**Task material**
---+---

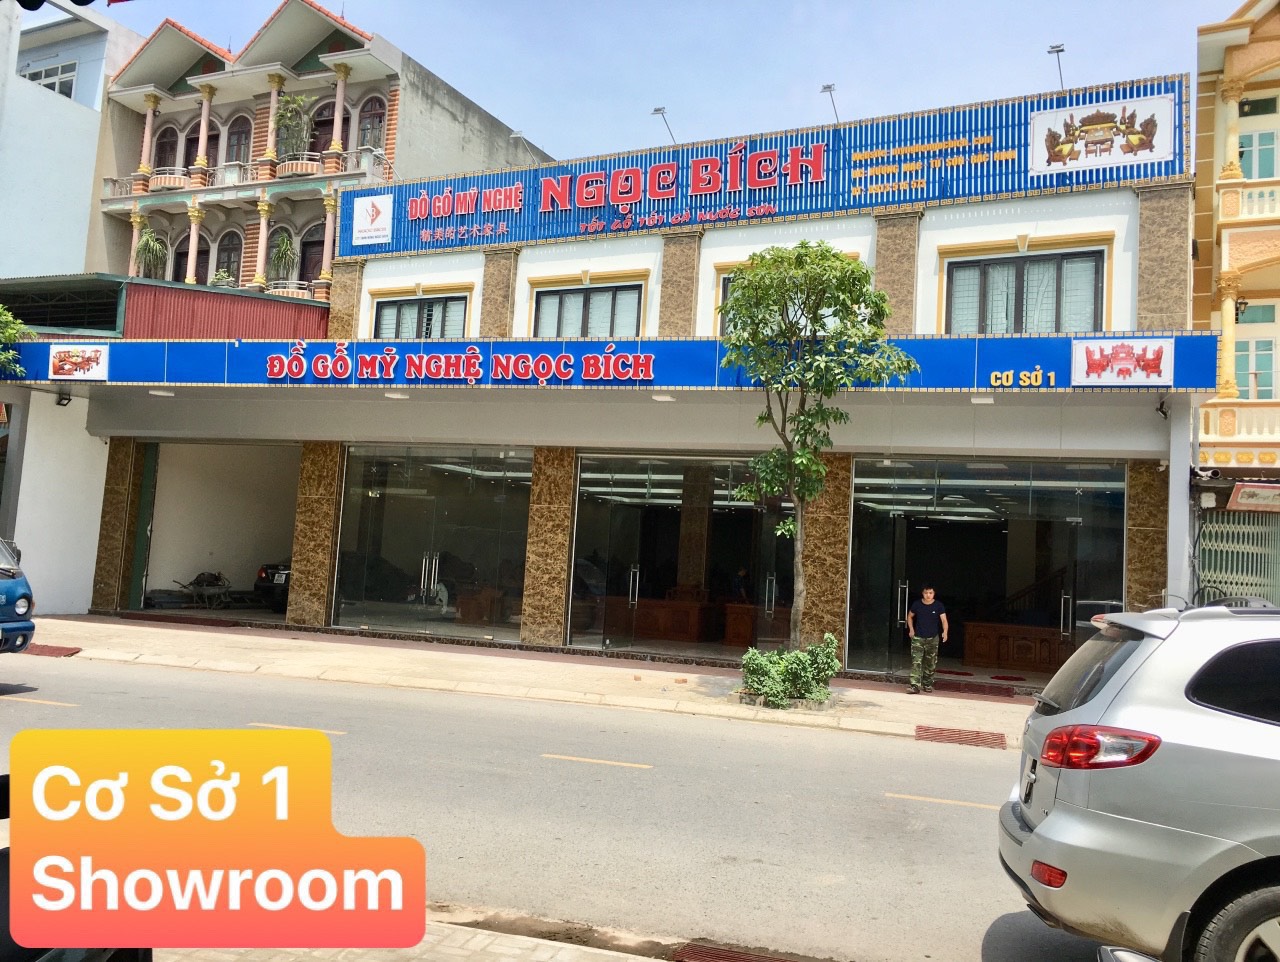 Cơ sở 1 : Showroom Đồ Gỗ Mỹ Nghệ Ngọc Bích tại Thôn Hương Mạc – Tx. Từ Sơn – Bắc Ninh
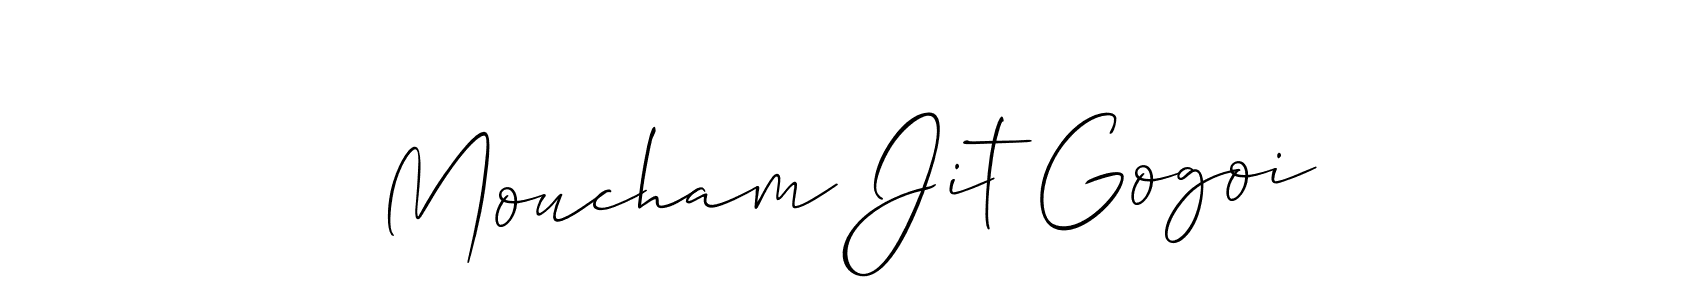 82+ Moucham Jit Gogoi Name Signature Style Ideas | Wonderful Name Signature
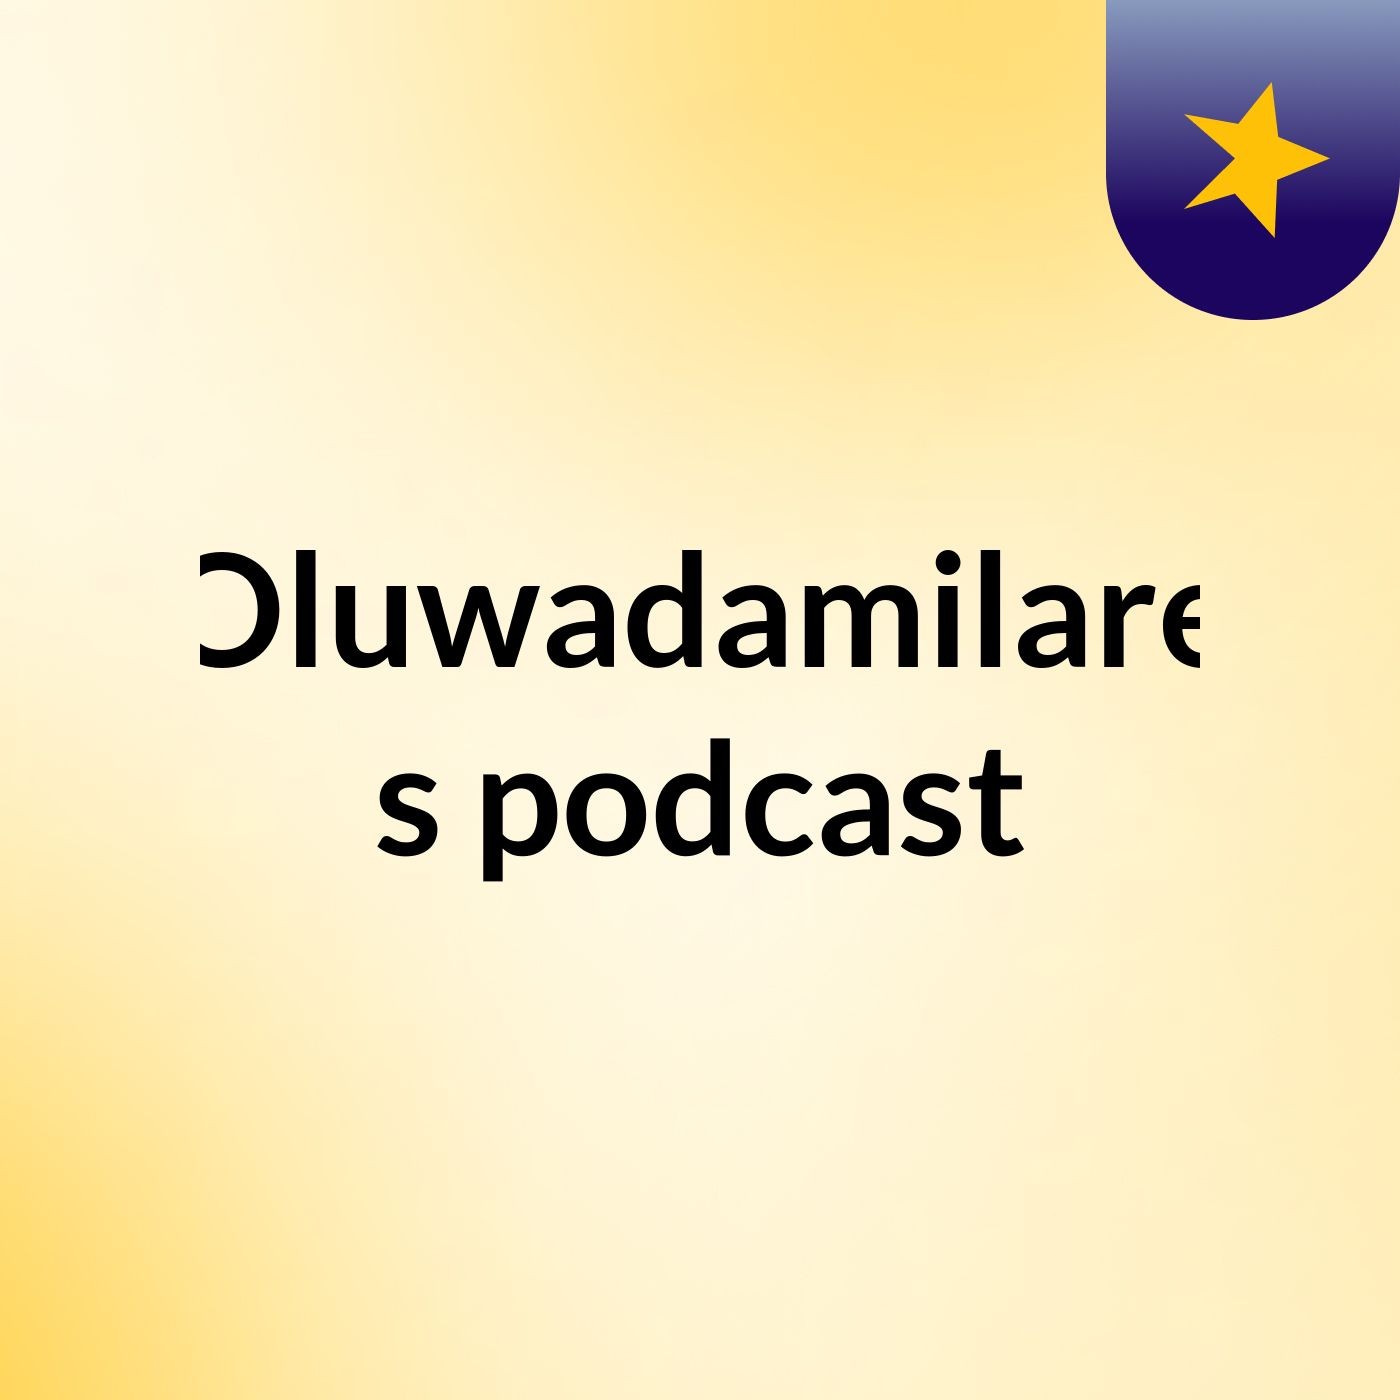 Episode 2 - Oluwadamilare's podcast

---+---

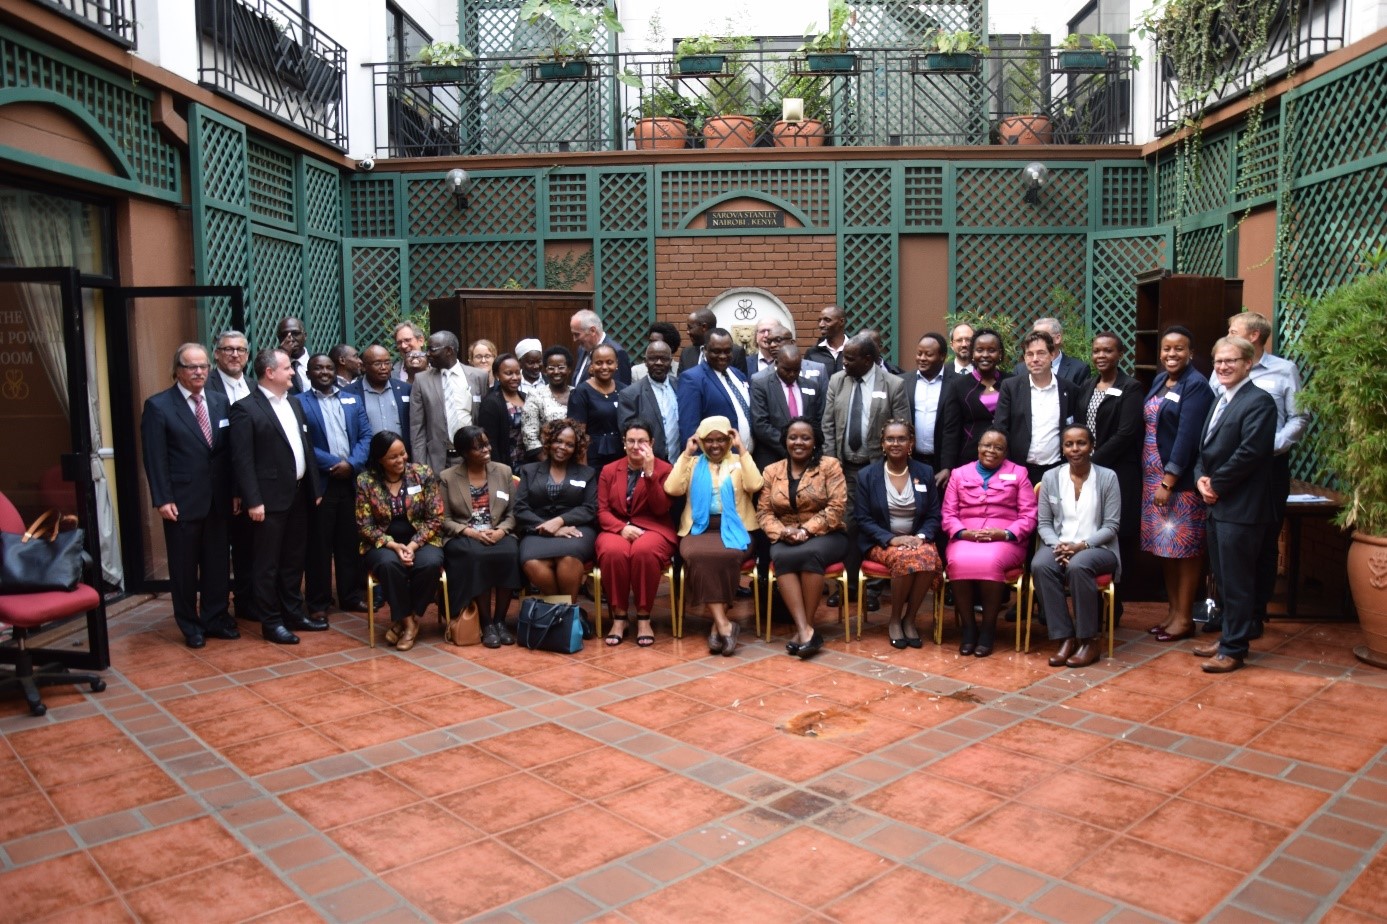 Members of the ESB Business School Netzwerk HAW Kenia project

---+---

**Activity**
Using the entries above, transcribe every line from the line containing "Cơ sở 1 : Showroom" through the line containing "Episode 2 - Oluwadamilare's podcast". Do not copy pictures.

**Written response**
 Cơ sở 1 : Showroom Đồ Gỗ Mỹ Nghệ Ngọc Bích tại Thôn Hương Mạc – Tx. Từ Sơn – Bắc Ninh
 82+ Moucham Jit Gogoi Name Signature Style Ideas | Wonderful Name Signature
 Episode 2 - Oluwadamilare's podcast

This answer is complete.